# Piedmont?



## Bad Bub (Jan 17, 2006)

Anybody know what the lake is looking like? Getting the little boat ready to go this weekend and was thinking about heading out there the following weekend. I know that's a long ways off and alot can change, but i was just wondering if they have been filling her up yet or not...
Outdoor Hub mobile, the outdoor information engine


----------



## Dr47 (Jan 16, 2011)

The Lake is still 5 ft. below normal summer pool.


----------



## Bad Bub (Jan 17, 2006)

Damn.... thanks.

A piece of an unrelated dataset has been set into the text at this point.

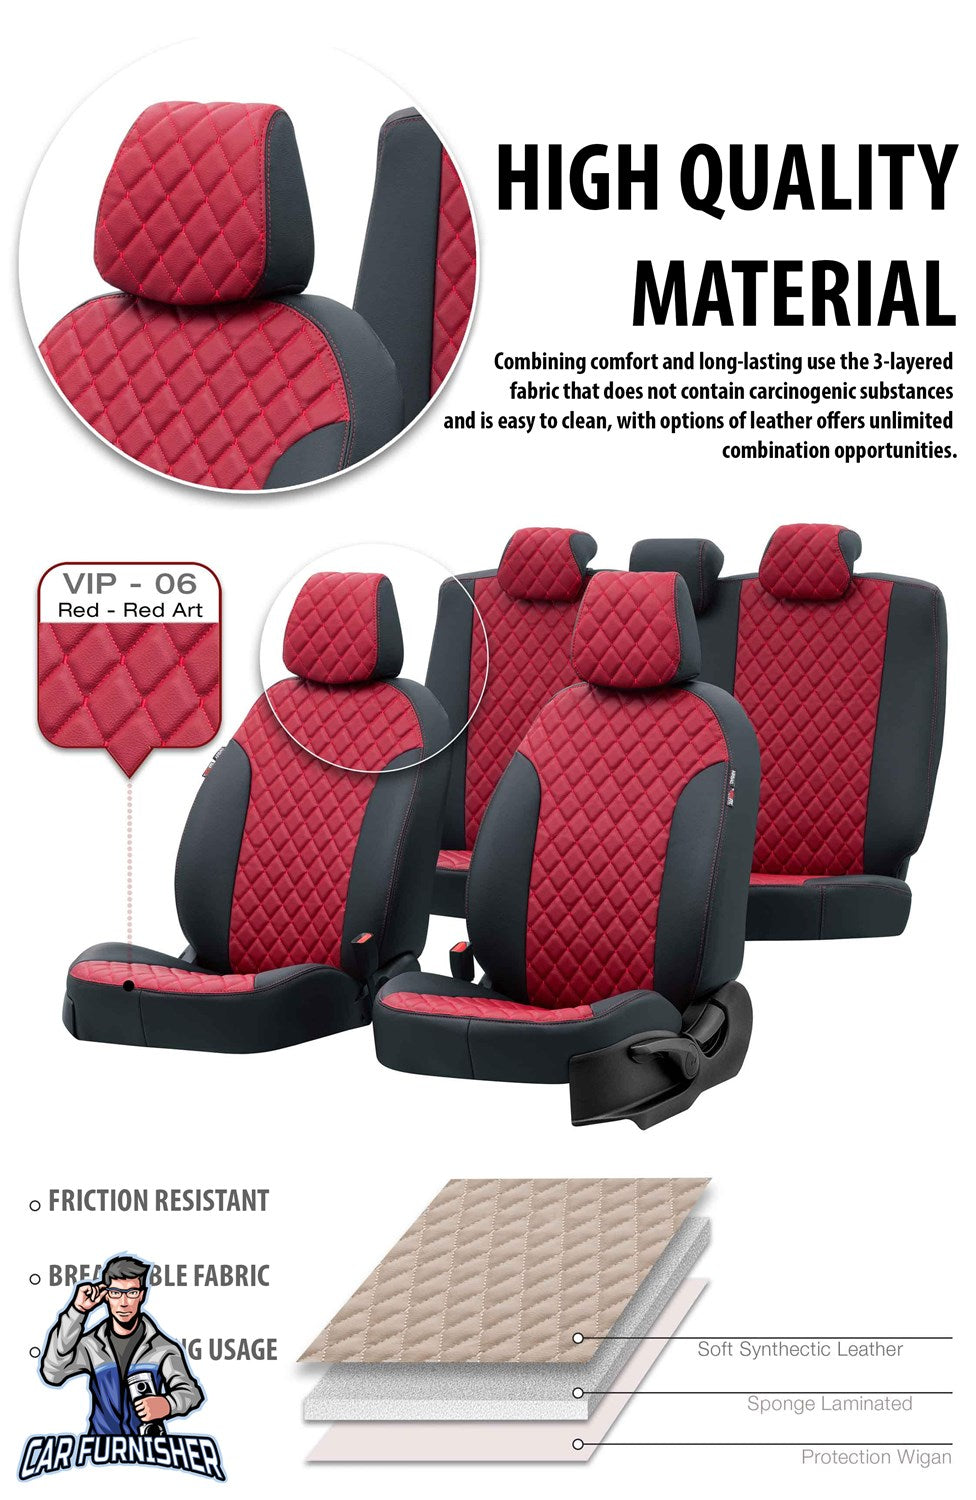 Renault Kangoo Seat Covers Madrid Leather Design Smoked Leather

Any chance of launching?

Outdoor Hub mobile, the outdoor information engine


----------



## chopper (May 15, 2004)

The corp of Army engeneers just got the word to start closing dams. The lady said that they will be closing Piedmont probably this week. It is way down and no way can you put in at the ramps.


----------



## Bad Bub (Jan 17, 2006)

Hopefully this rain will hurry things along  thanks for the info!

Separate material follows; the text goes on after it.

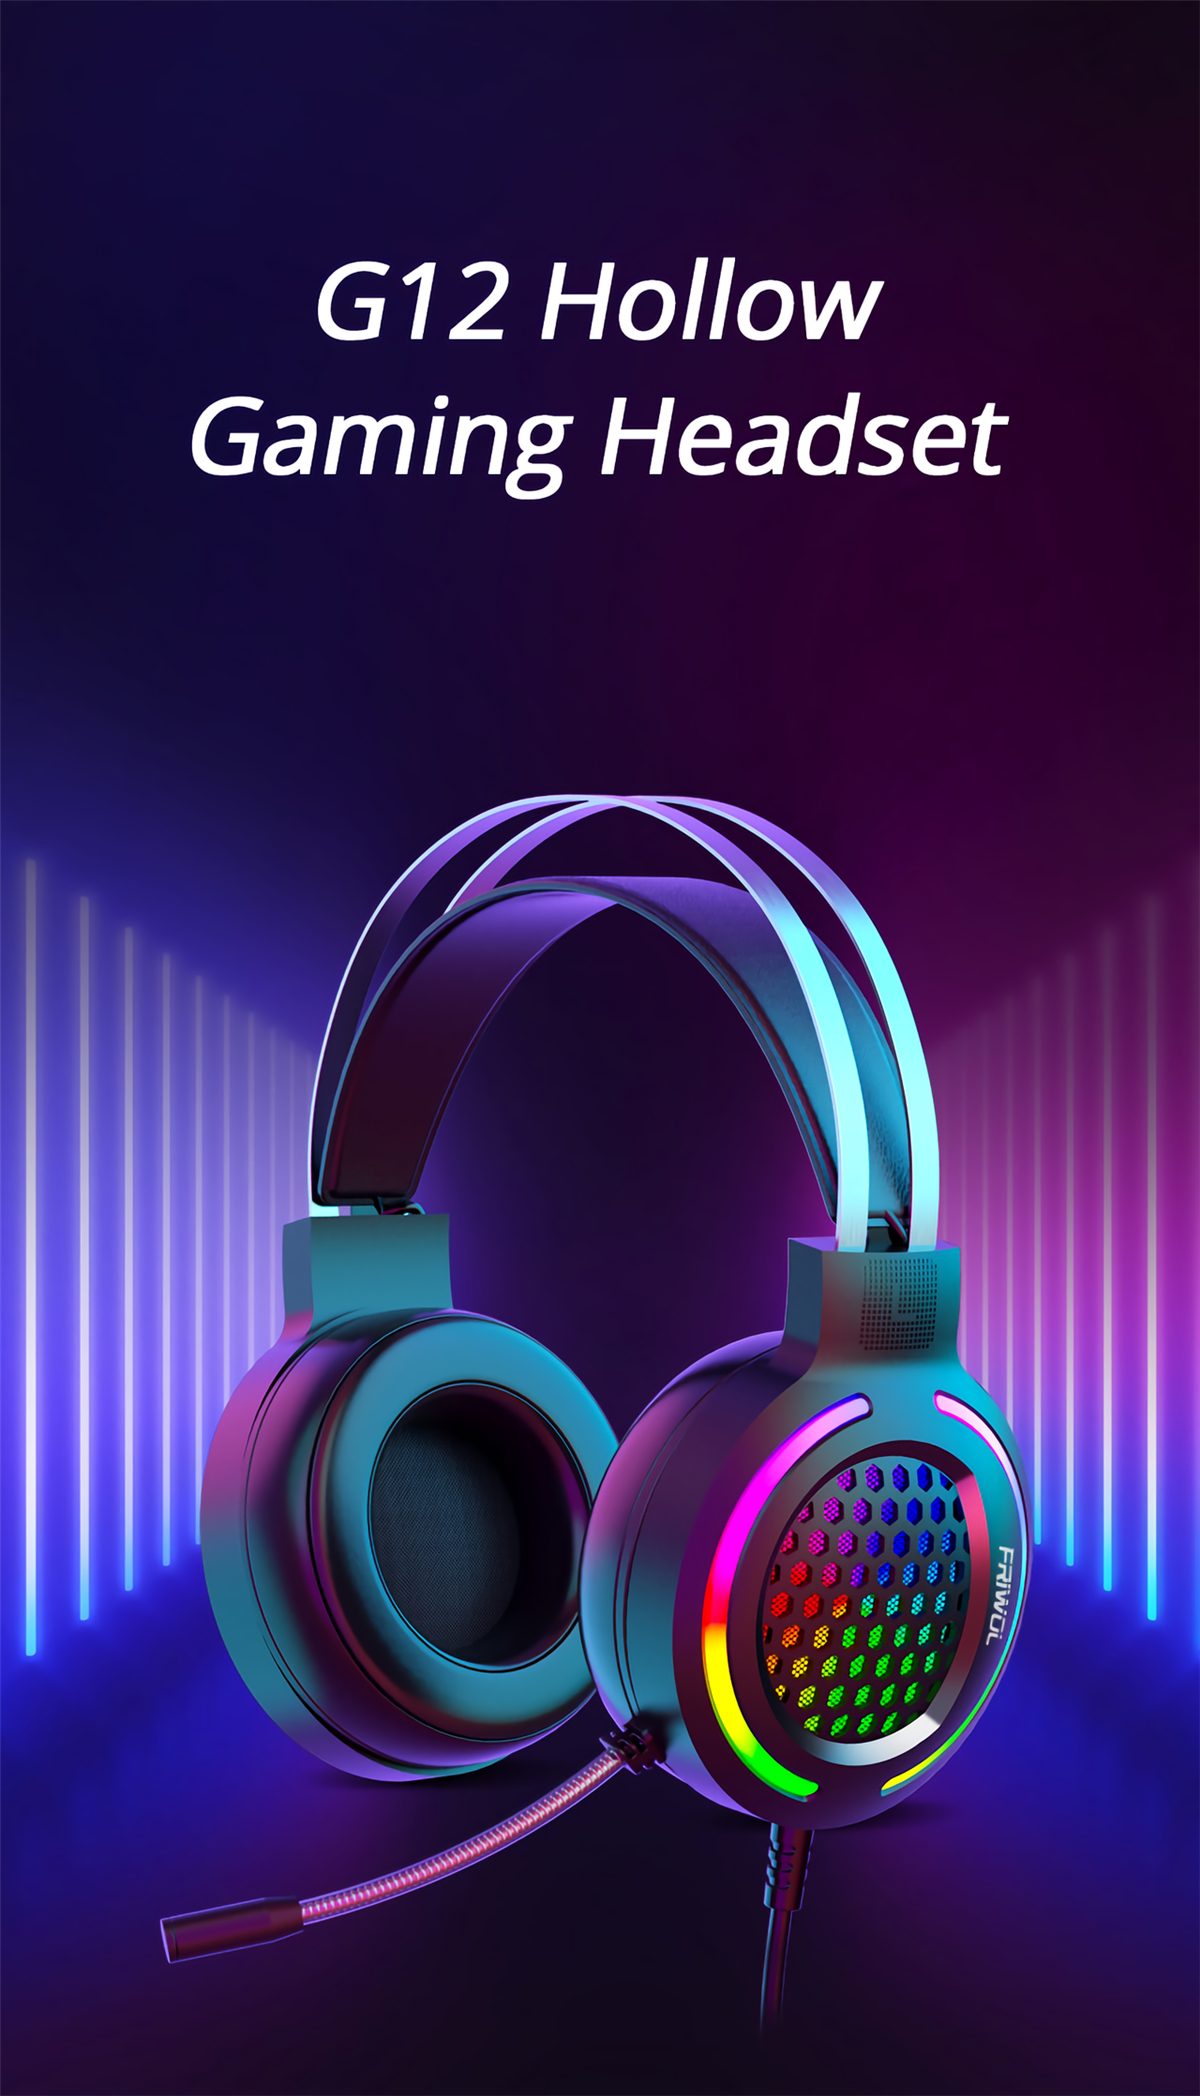 G12-Wired-Gaming-Headphone-71-Channel-50mm-Driver-USB-Wired-LED-Light-Honeycomb-Hollow-Gamer-Headset-1864239-1

Outdoor Hub mobile, the outdoor information engine


----------



## Ohiobowhunter (Jul 9, 2007)

Just bumping this to the top. Next week looks like very nice weather, but I am wondering if I can get in at the Reynolds Rd ramp. Any info?


----------



## chopper (May 15, 2004)

As for right now, I would say no to Reynolds Rd. The problem up there is its so shallow for a long ways out. Right at the ramp, it is very muddy. Not the solid bottom that you would need. I did see that someone had backed in where they put in the new rip rap at reynolds rd. It looked to me to be very tough also. I think that the lake came up about 6 inches with yesterdays rain. I hate to say it, but we need alot of rain in a very short order. I heard that you can get in at Clendenning at the marina. It is very steep but you can get in.


----------



## Bad Bub (Jan 17, 2006)

The mwcd site is saying that the marina ramp is usable at piedmont. That's based on the water level at the dam so how well that translates to real world levels at the ramp is debatable ......

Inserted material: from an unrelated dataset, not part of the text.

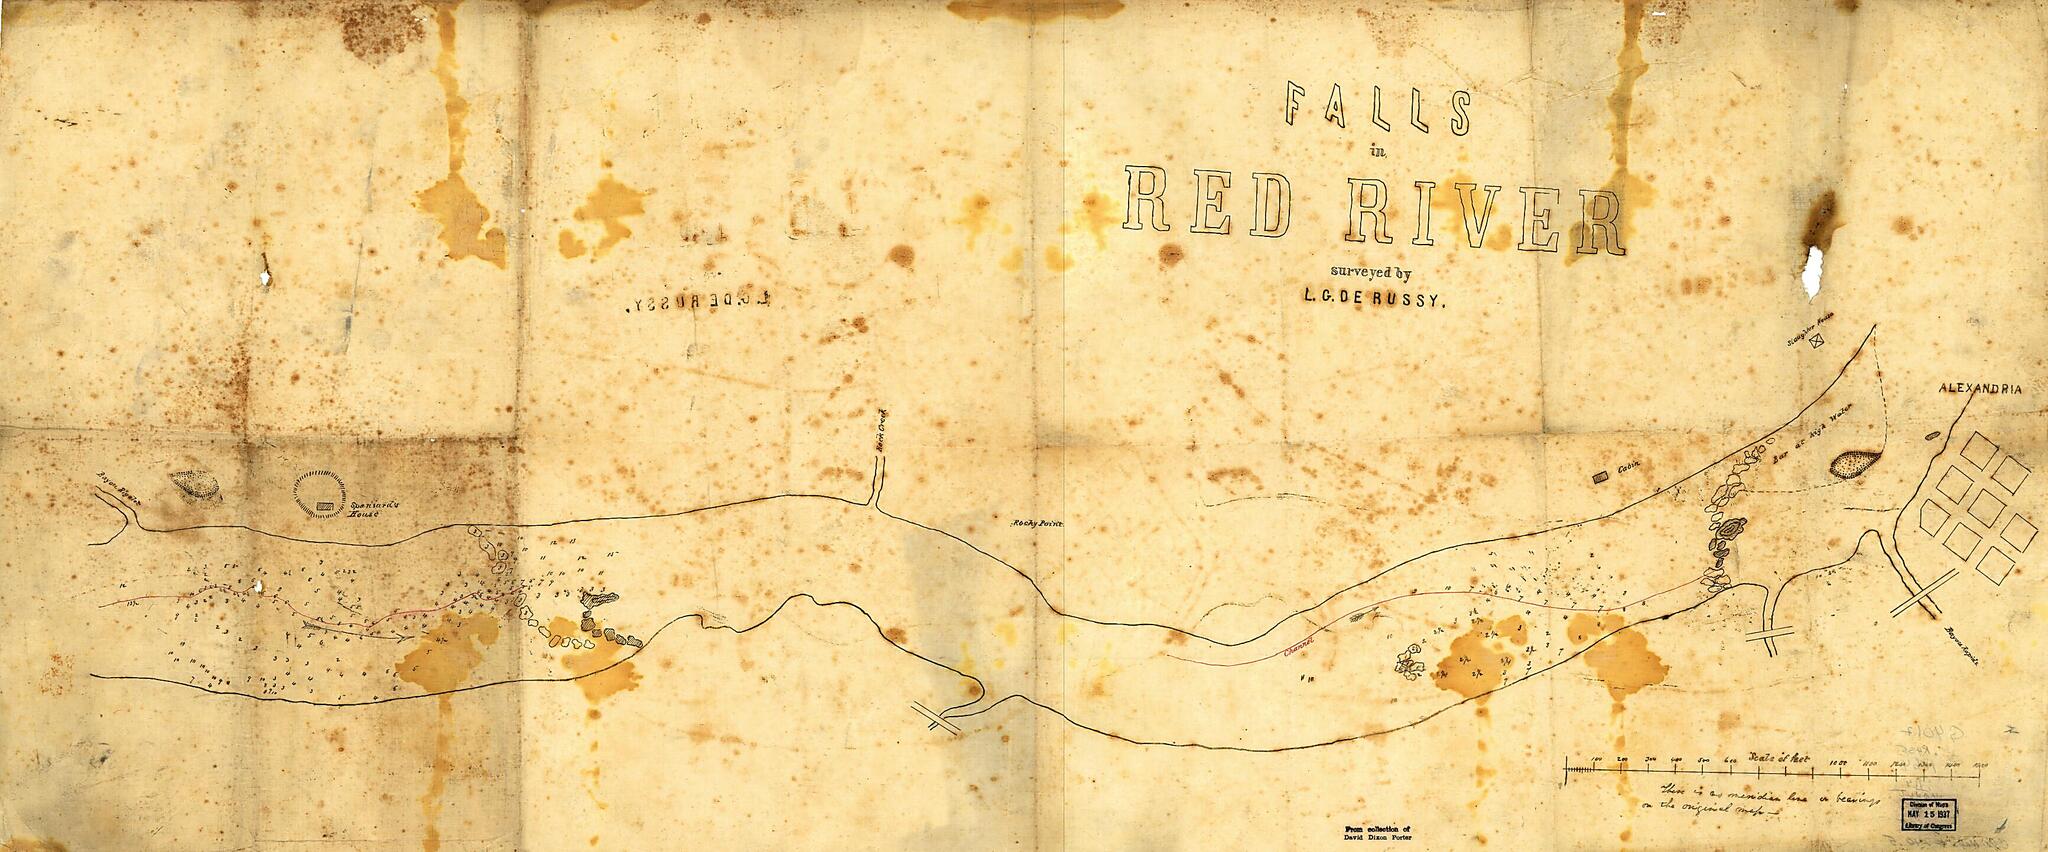 This old map of Falls In Red River, Surveyed by L. G. De Russy from 1864 was created by Lewis G. De Russy in 1864

Outdoor Hub mobile, the outdoor information engine


----------



## I_WALL_I (Apr 27, 2006)

Goat Path!!


----------



## turkeyt (Apr 13, 2006)

AlLOT OF THE LAKES are well below summer pool. There also has been work going on with shorlines and etc, and i believe on or before March 15 was a date i heard when they would be done for the most part. Until then better check on conditions before you go.


----------